Statistical TestsTool tips Graphs
Welch's  T Test

T-test evaluates the impact of each candidate variable for discriminating two different Goal variable behaviors.
The t value is based on the distance between the Average values for the two Candidate sub-distributions.

-Candidates: must be numeric
-Goal: must be symbolic with two different classes/symbols.
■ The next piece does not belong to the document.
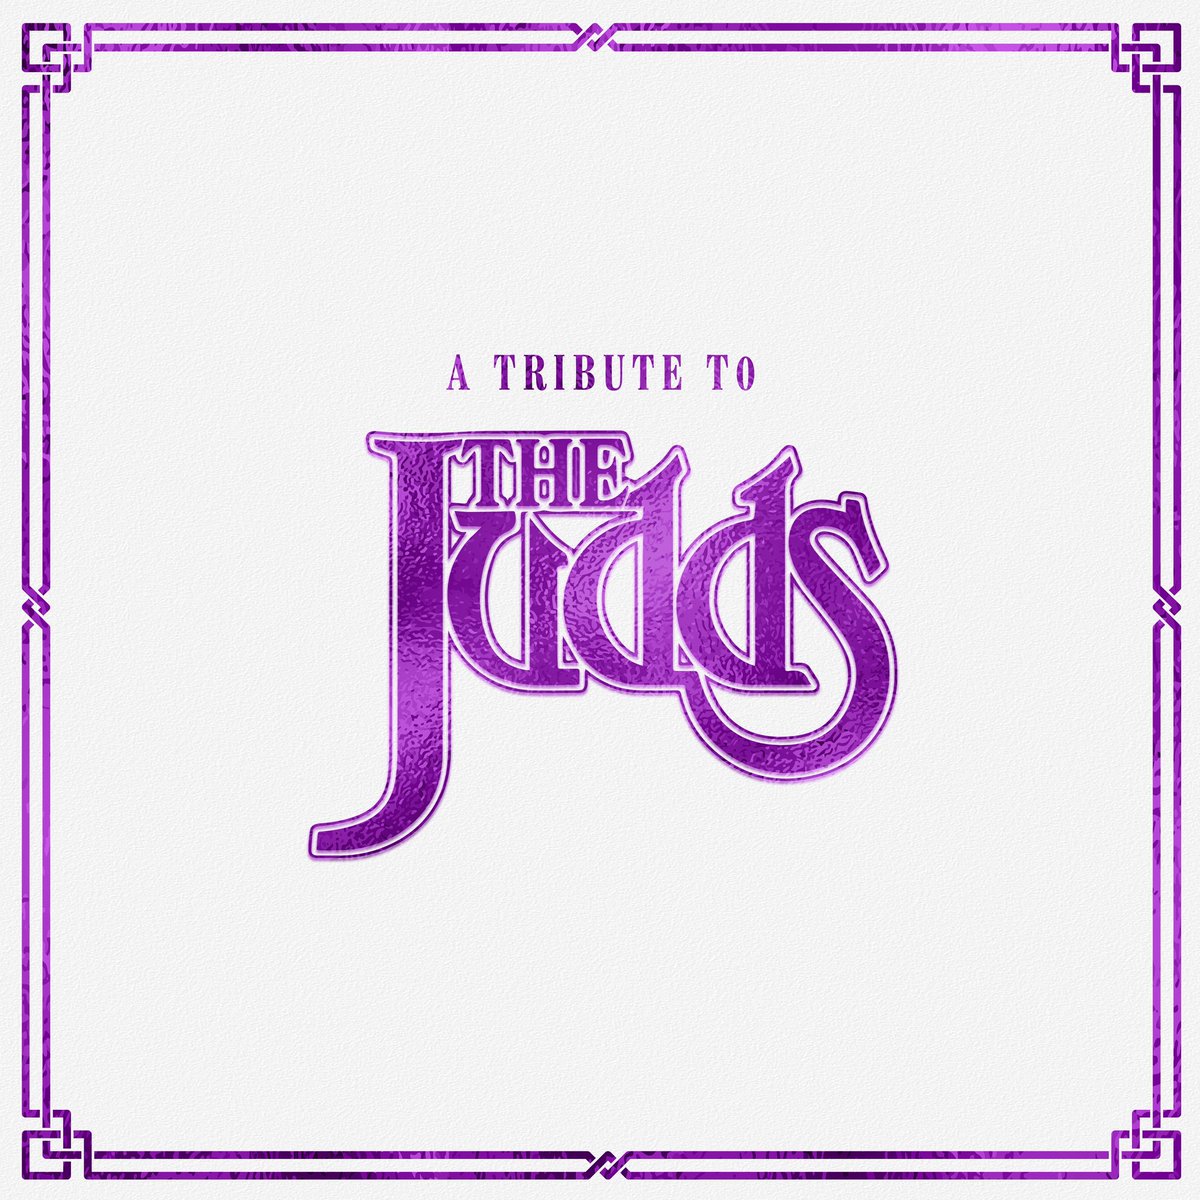 “To have all these artists, most of which are my friends, come together & lend their voices & artistry to reimagine these songs, is so special. These songs are timeless & I am so excited for them to live on for generations to come.' -@Wynonna A Tribute to The Judds, out 10/27 💜

For more than two different classes, see Kruskal-Wallis ANOVA. 

Creates a series of Histograms with:

X - one Candidate variable

C - the Goal variable

RS - same record set as selected in the editor window

rem: display the statistics info (line on graphs + table below)

Spearman

Spearman evaluates the Monotone (non-linear) correlation between each Candidate variable and the Goal variable.
The Rho value is based on the gaps between Rank values of the Candidate variable and the ones of the Goal variable.
If there is a monotonic relationship between a Candidate and the Goal variables, it means either that,
(1) as the value of one variable increases, so does the value of the other variable;
or (2) as the value of one variable increases, the value of the other variable decreases.

-Candidates: must be numeric
-Goal: must be numeric

Create a series of Scatter Plots with:

X - one Candidate variable

Y - the Goal variable

RS - same record set as selected in the editor window

Pearson

Pearson evaluates the Linear correlation between each Candidate variable and the Goal variable.
The Rho value is based on the Covariance (= deviations from Average values) of the Candidate variable and the Goal variable.
This is the same correlation result as provided by the Dendrogram.

-Candidates: must be numeric
-Goal: must be numeric

Create a series of Scatter Plots with:

X - one Candidate variable

Y - the Goal variable

RS - same record set as selected in the editor window

Kruskal-Wallis ANOVA

Kruskal-Wallis evaluates the impact of each Candidate variable for discriminating two (or more) different Goal behaviors.
The H value is based on the distance between the Median values of the two (or more) Candidate sub-distributions.

-Candidates: must be numeric
-Goal: must be symbolic with two (or more) different values/symbols

Create a series of Box Plots with:
X - the Goal variable

Y - one Candidate variable

RS - same record set as selected in the editor window

rem: display the statistics infos (line on graphs + table below)

In Results tab, it is possible to jump from to any graph of the table. Note that the graphs are ordered according to the statistical importance. In More Actions, create a Variable Set from top variables on the Pareto. 

In Graph tab, there is one graph per variable. Use the control menu below the chart to modify the zoom level and apply rulers.